Стекло хрустело под ее туфлями, когда миссис Питчфорд пробиралась вглубь дома.
Кухня и столовая не имели внутренних перегородок, и были отделены от гостиной лишь диваном. Не в силах устоять перед соблазном кухни, она прошла на нее и коснулась вытяжки над плитой. Та походила на большой травосборник на бензиновой газонокосилке, и миссис Питчфорд снова удивилась тому, что молодые матери считали необходимыми для ведения домашнего хозяйства. А еще здесь был миксер, который Джэн однажды показывала ей. Из бело-оранжевого пластика с надписью сбоку «Кенвуд Чеветт». Серебристый кофейник с деревянной ручкой, который Джэн называла «перколятором», рядом с формами для запекания с оранжевым цветочным рисунком.
Миссис Питчфорд провела жесткими кончиками пальцев по гладким стенкам пластиковых контейнеров, которые Джэн выстроила в ряд на кухонной стойке. Они были наполнены хлопьями, рисом, какими-то там «спагетти», отрубями и сахаром. Сквозь стенки можно было видеть смутные очертания содержимого. В ее доме все было деревянным, керамическим, стальным или железным. И она помнила, что видела такую же утварь, когда была еще маленькой девочкой и помогала матери готовить еду. Твердая древесина и металл более долговечны. Сегодня от пластика, ковровых покрытий и «стереосистем» для этой семьи было мало пользы, не так ли?
Донесшийся с улицы звук работающего на холостом ходу двигателя вырвал ее из задумчивости. Гарольд сказал ей не отвлекаться. Она повернулась и поковыляла с кухни, хотя взгляд ее был прикован к буфету рядом с обеденным столом. Ко всем этим серебряным и керамическим безделушкам за раздвижными стеклянными дверцами. Крошечные лафитники. Маленькие кружки с румяными лицами спереди. Фарфоровые наперстки. Чайные ложки с узорами на ручках.
В небольшой постирочной возле «обеденной зоны» стояла стиральная машина, а еще морозильник. Джэн была в ужасе, когда узнала, что миссис Питчфорд по-прежнему стирает белье в жестяной ванне, использует кладовую для хранения продуктов и продолжает консервировать фрукты в банках. Какое оскорбительное высокомерие.

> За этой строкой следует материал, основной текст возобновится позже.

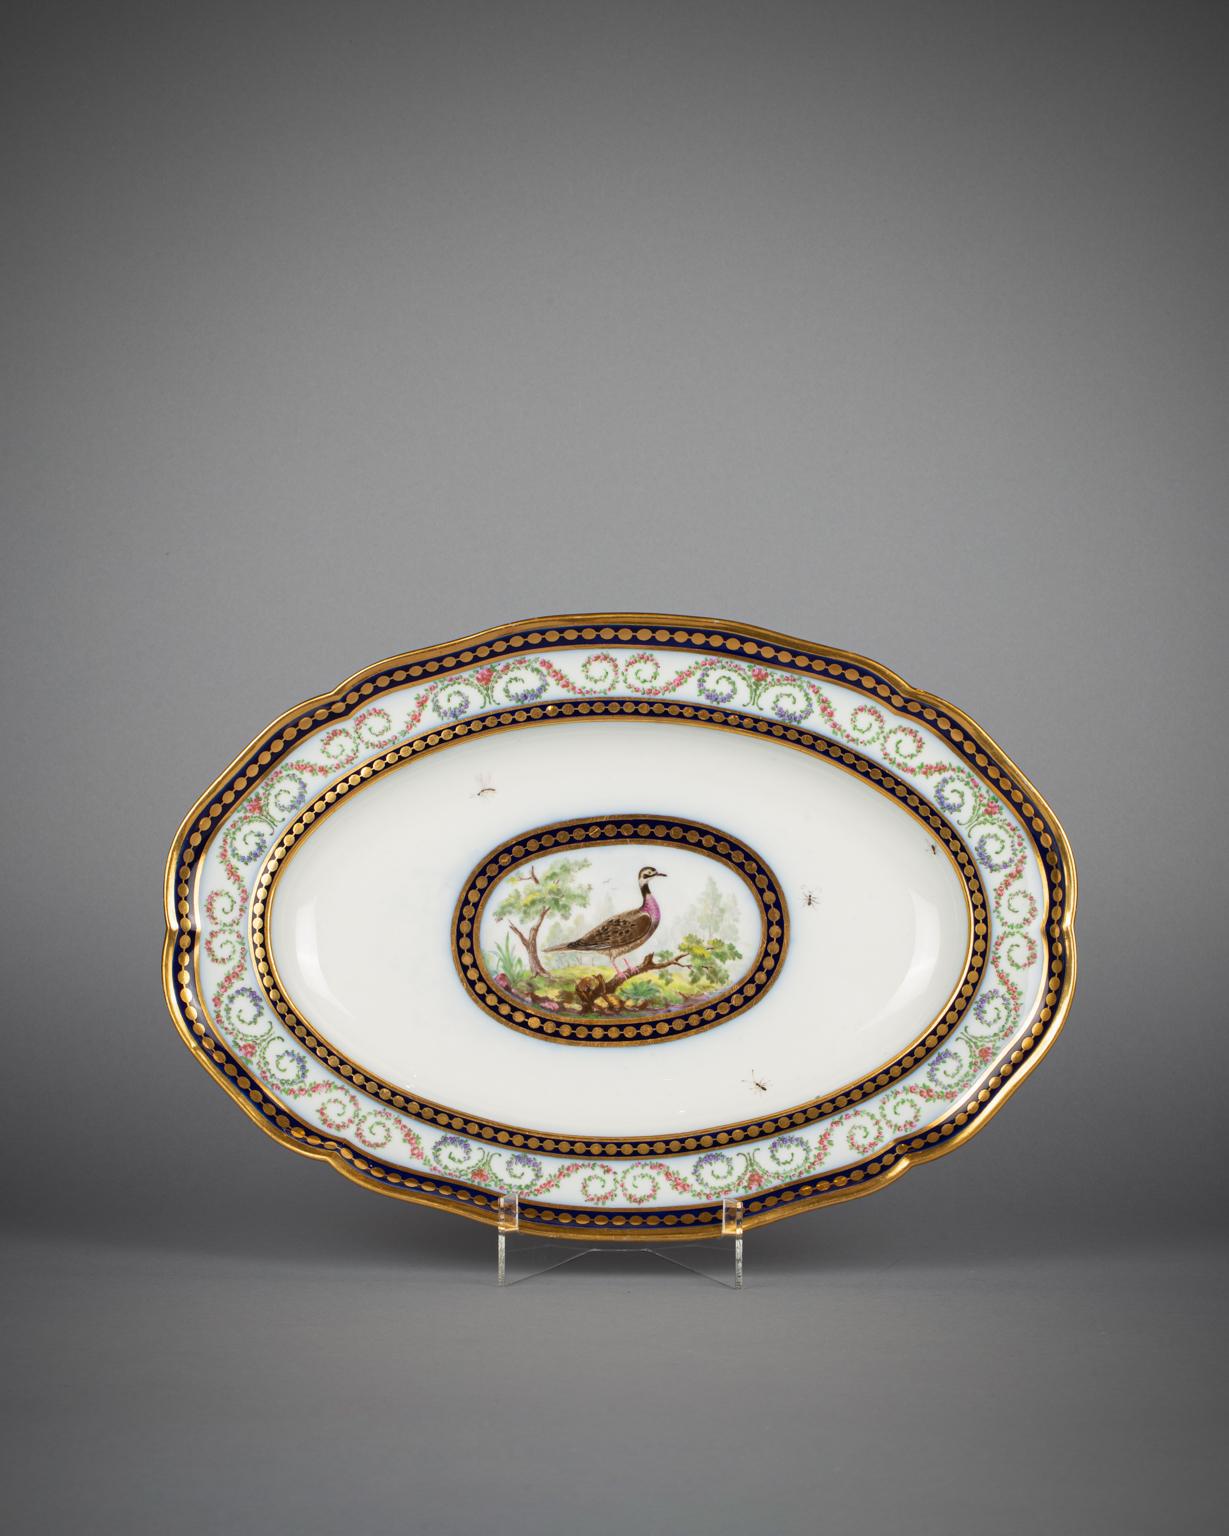 Ce plat provient d'un service de table de Sèvres vendu au banquier néerlandais Jean-Baptiste Vandernyver le 29 novembre 1792. Le plat est marqué peint par Francois Baudoin Pere et doré par Henri-Martin Prevost.

В постирочной пахло вином, стиральным порошком и мочой. Все продукты из морозильника растаяли и размякли в раковине. Крышка морозильника была поднята, и на дне белого металлического шкафа, издававшего тихое гудение, лежало старое одеяло. В морозильнике было все еще холодно, когда она наклонилась и заглянула внутрь, недоумевая, почему продукты сложены в раковину. Она не видела у них ни баранины, ни оленины, ни сладкой картошки. Посмотрев себе под ноги, она заметила, что стоит на желтой бельевой прищепке.
В неосвещенном коридоре, ведущем к четырем спальням, она ненадолго остановилась, чтобы привыкнуть к темноте. Для нее было облегчением, оказаться вне яркой жилой зоны, но ей требовалось больше света, чтобы обыскать спальни должным образом. Обычно она могла найти при тусклом лунном свете швейную иглу на полу, поскольку в этих местах многие видели по ночам лучше других. Но сегодня, не было ни луны, ни света звезд, и шторы в спальнях были задернуты. Будет очень плохо, если она упустит что-нибудь важное. Она нашла в коридоре выключатель.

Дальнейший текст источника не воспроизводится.